Sonata 6.7

Development
- Designer: Gary Mull
- Location: United States
- Year: 1986
- No. built: 40
- Builder: Sonata Yachts
- Name: Sonata 6.7

Boat
- Displacement: 2,544 lb (1,154 kg)
- Draft: 4.92 ft (1.50 m)

Hull
- Type: Monohull
- Construction: Fiberglass
- LOA: 21.98 ft (6.70 m)
- LWL: 19.36 ft (5.90 m)
- Beam: 8.20 ft (2.50 m)

Hull appendages
- Keel: fin keel
- Ballast: 952 lb (432 kg)
- Rudder: internally-mounted spade-type rudder

Rig
- General: Fractional rigged sloop
- I foretriangle height: 24.74 ft (7.54 m)
- J foretriangle base: 7.74 ft (2.36 m)
- P mainsail luff: 27.10 ft (8.26 m)
- E mainsail foot: 9.48 ft (2.89 m)

Sails
- Mainsail area: 128.45 sq ft (11.933 m^{2})
- Jib/genoa area: 95.74 sq ft (8.895 m^{2})
- Total sail area: 224.20 sq ft (20.829 m^{2})

= Sonata 6.7 =

1980s Australian recreational keelboat

The Sonata 6.7 is a recreational keelboat designed by Gary Mull and first built in 1986. The design is out of production.

==Production==
The boat was built by Sonata Yachts in Australia, which completed 40 examples starting in 1986.

==Design==
The Sonata 6.7 is built predominantly of fiberglass.

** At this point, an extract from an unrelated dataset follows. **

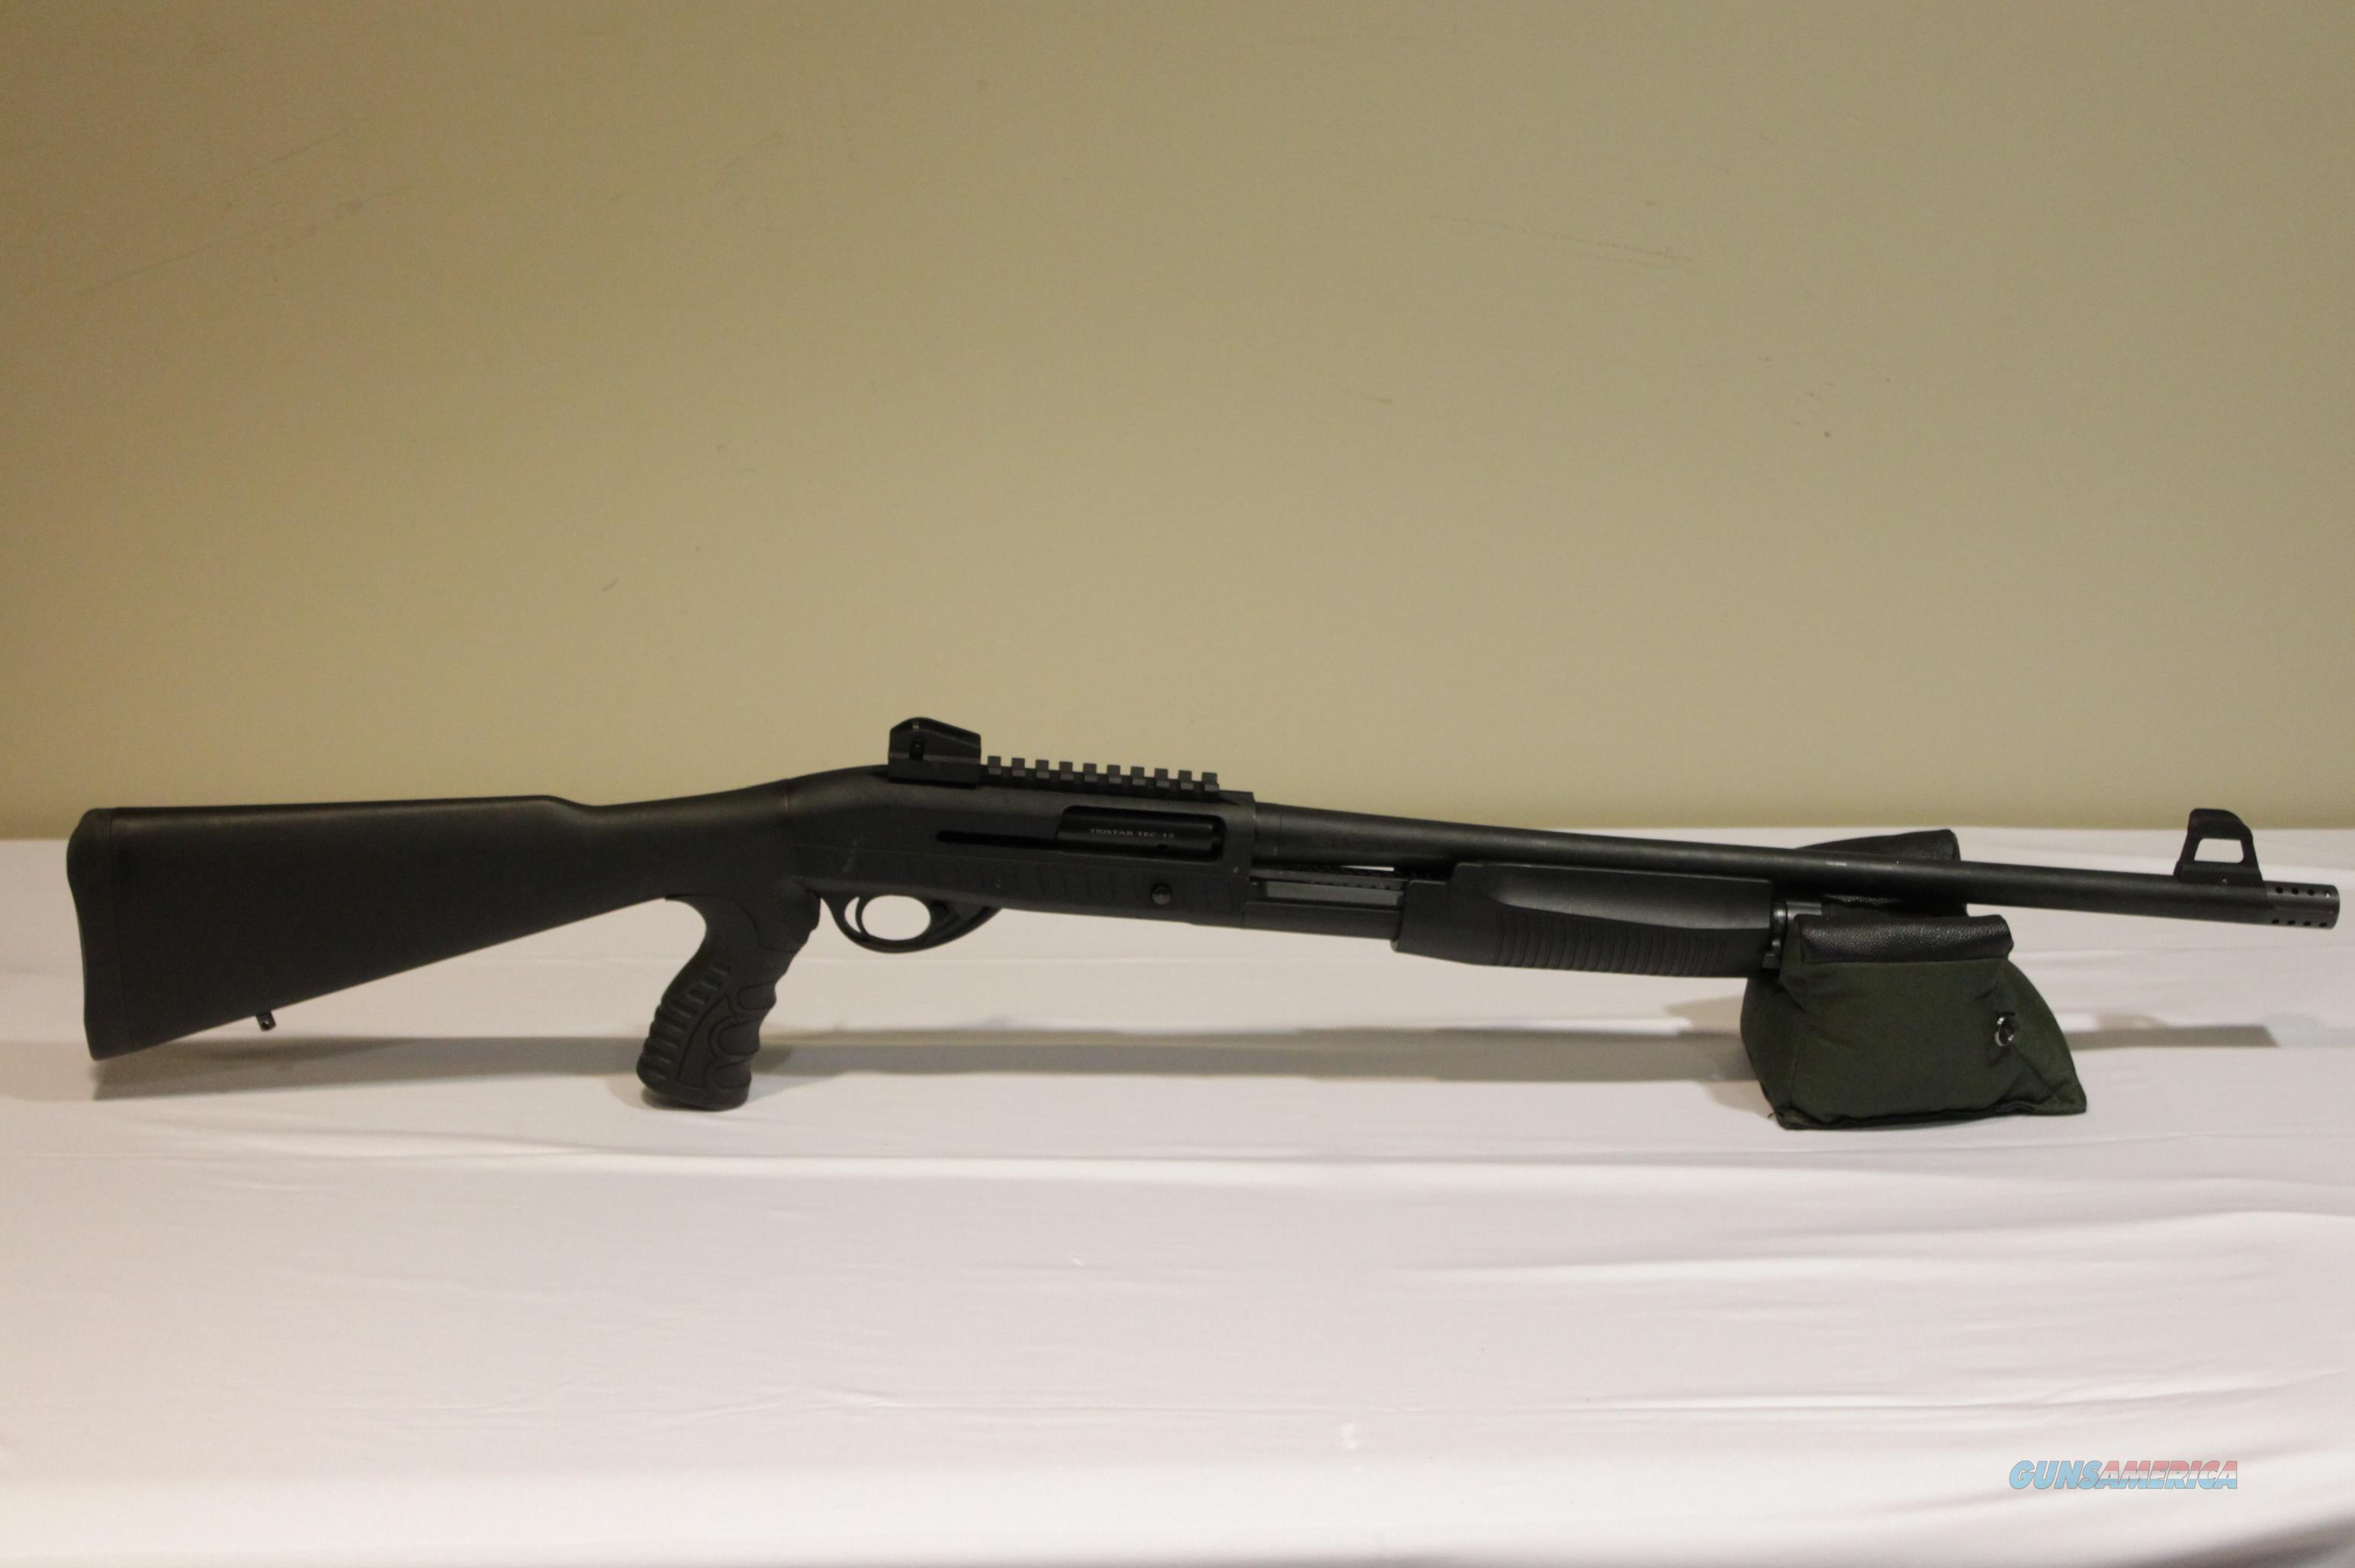 "TriStar 25120 TEC-12 Auto/Pump 12 Gauge 20"" 3"" 5+1 Synthetic w/ Pistol Grip Black  Guns > Shotguns > Tristar Shotguns"

It has a fractional sloop rig, an internally-mounted spade-type rudder and a fixed fin keel. It displaces 2544 lb and carries 952 lb of ballast.

The boat has a draft of 4.92 ft with the standard keel. There was a lifting keel version produced as well.

The design has a hull speed of 5.9 kn.